I don't think that can be it. As the book explained it, bonding with an unborn embryo/fetus was the only way a metamorph could bond without losing their identity. Any bond with an adult, of either sex, would subjugate their own identity to the other person entirely, and that's exactly what the Kriosian women found a way to escape. So they must've found a way to bond with each other's unborn children, or perhaps newborns.


For what it's worth, speaking as someone who identifies on the asexual spectrum, I didn't see it being portrayed as Icheb having a disease. What I read it as being, when Icheb spoke to the Doctor about it was that it was side effect of the tampering his parents did to him in an effort to make him a weapon against the Borg, and it played to me more as a trauma response to something that Icheb had never really been able to or needed to process before. Amplified by a sci-fi metaphor, yes, but still a traumatic response. Which, there are people who "become" (for lack of a better term) asexual as a result of some sort of trauma.

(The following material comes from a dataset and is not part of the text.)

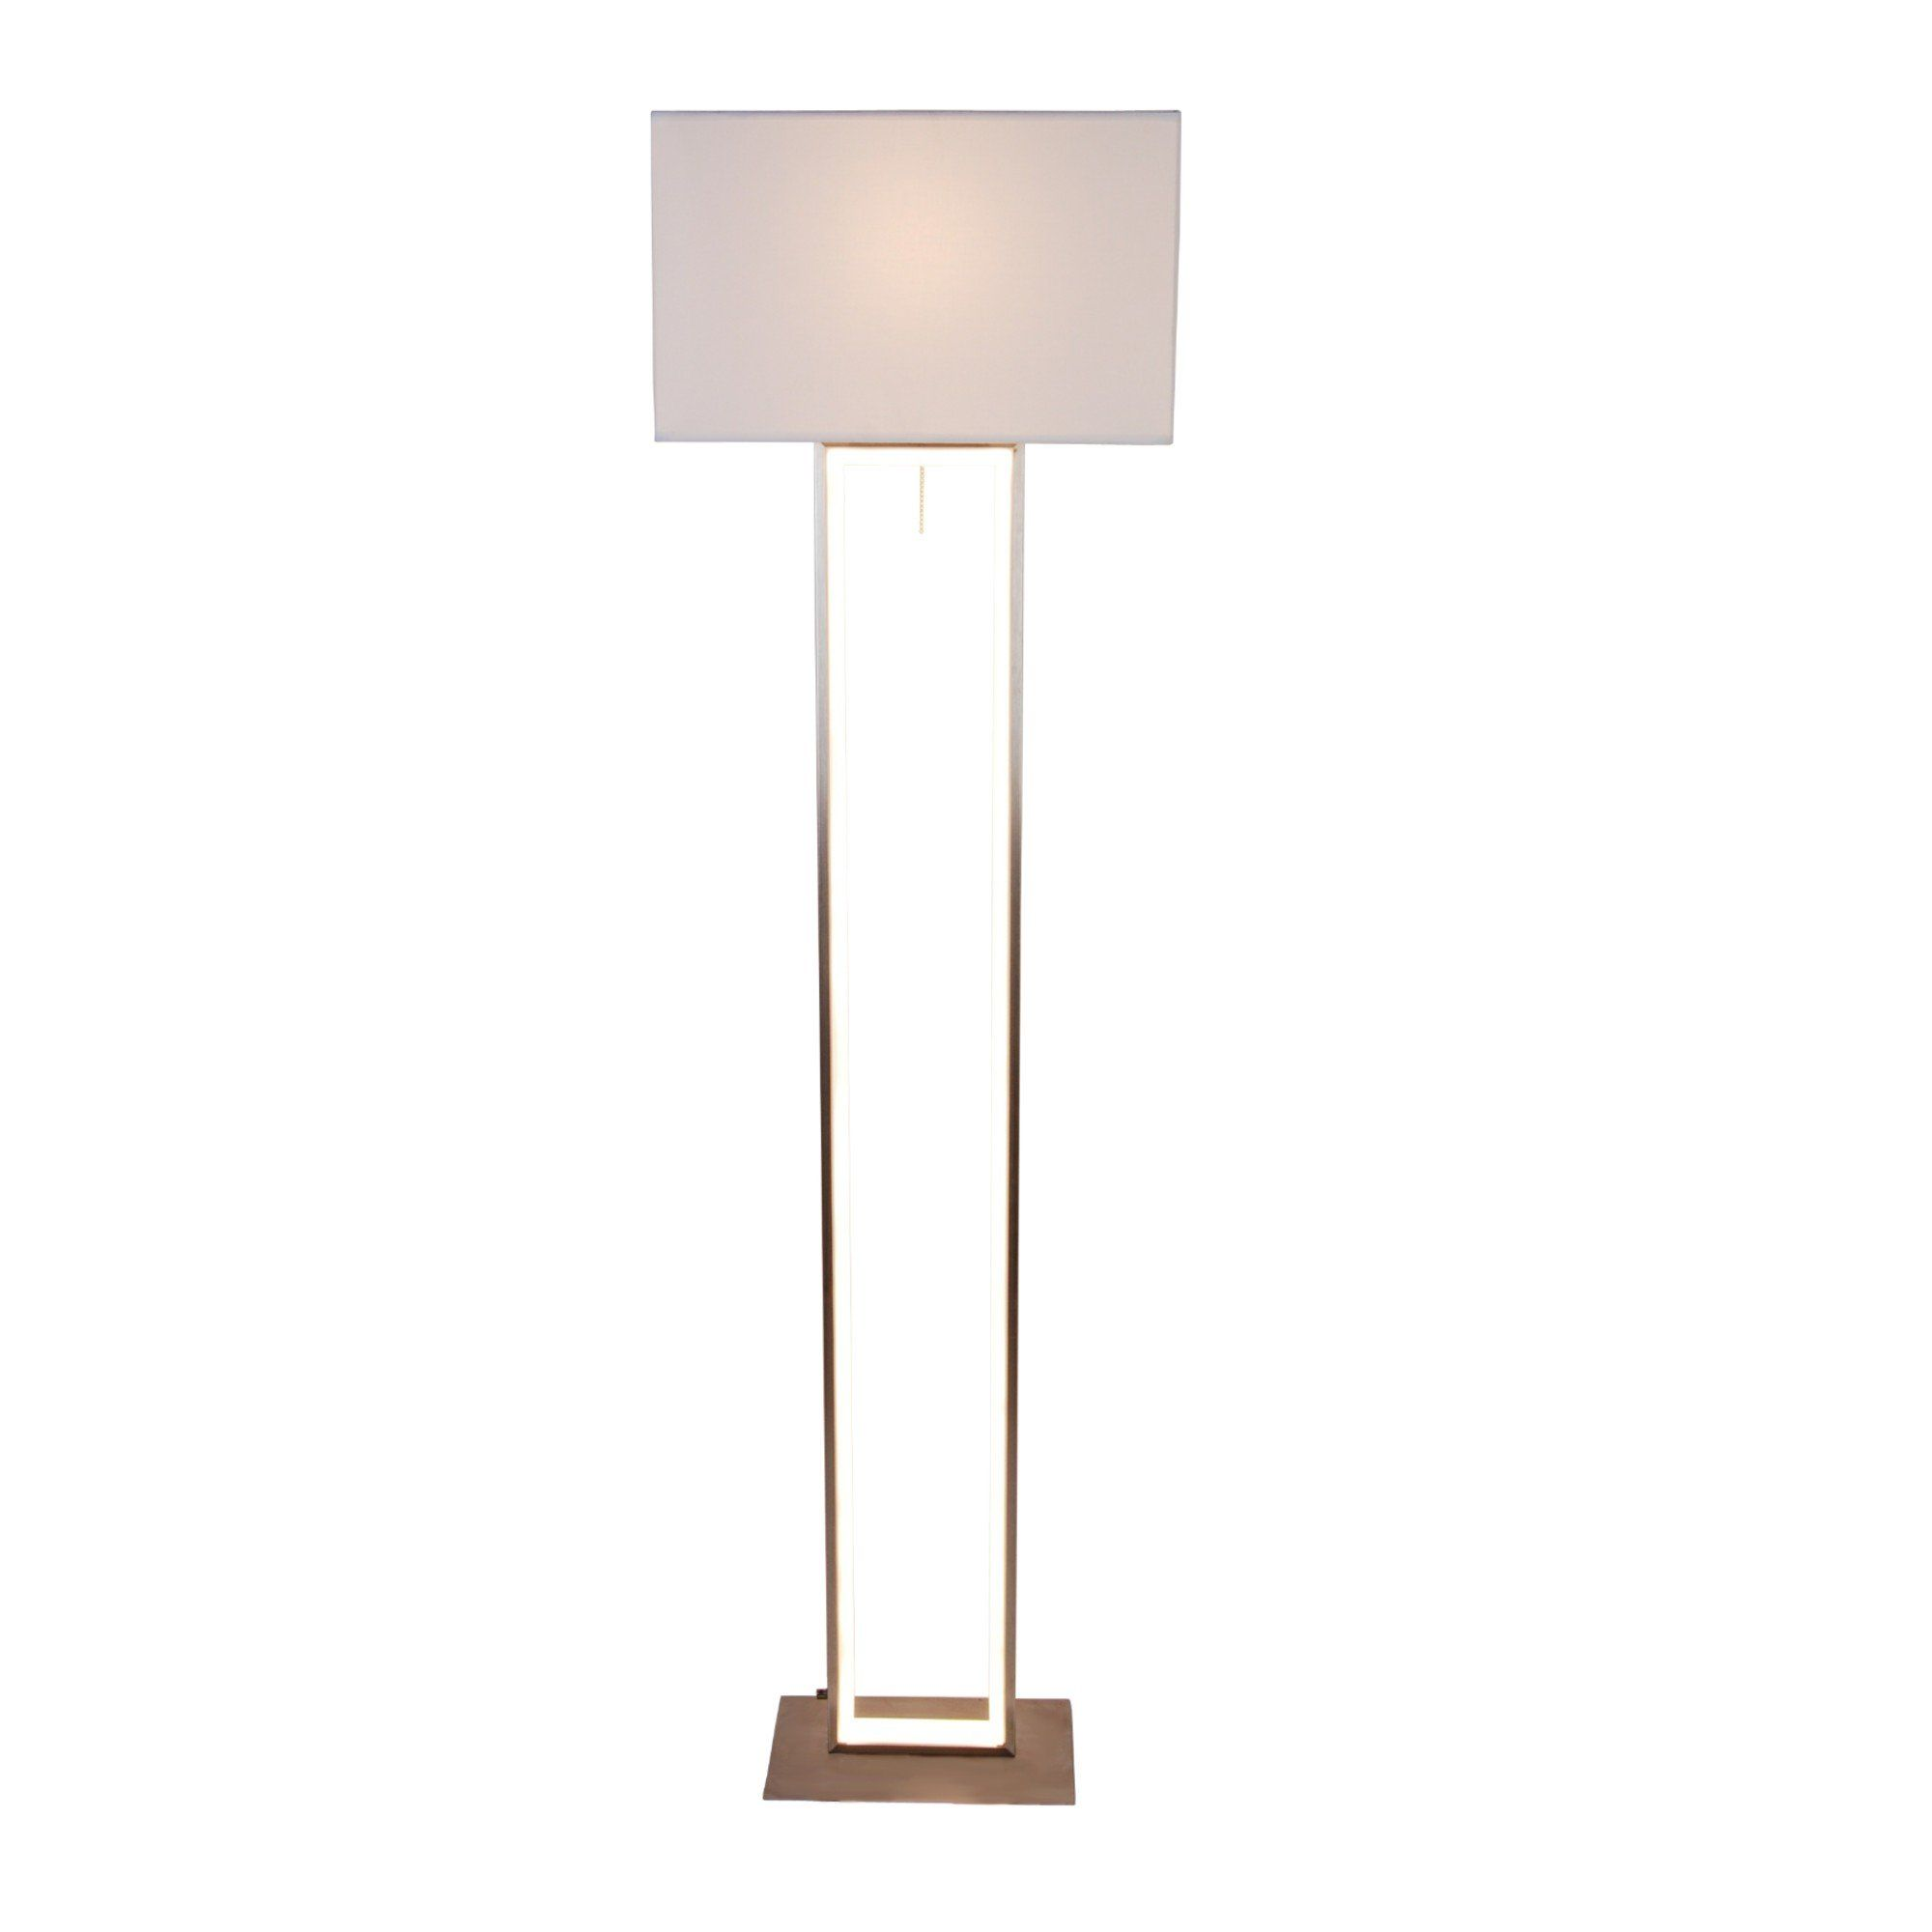 Ulari Warm White LED 150cm Satin Nickel Floor Lamp

Even so, it bothered me that the Doctor and Cambridge didn't even seem to consider the possibility that a person could be naturally asexual, and that they treated the capacity for sexual response as if it were an indispensable part of any healthy relationship. Even if Icheb's particular lack of sexual response is abnormal for him, they did seem to be making the generalized assumption that it was abnormal for anyone.

Well, I guess the topic of asexuality as a distinct identity is one that society is still learning about. I didn't even know it was a thing until the past couple of years, I think.
 
In principle, the star initially moving fast enough to escape the MW,could have had other interactions before the one forming the binary system Voyager was exploring.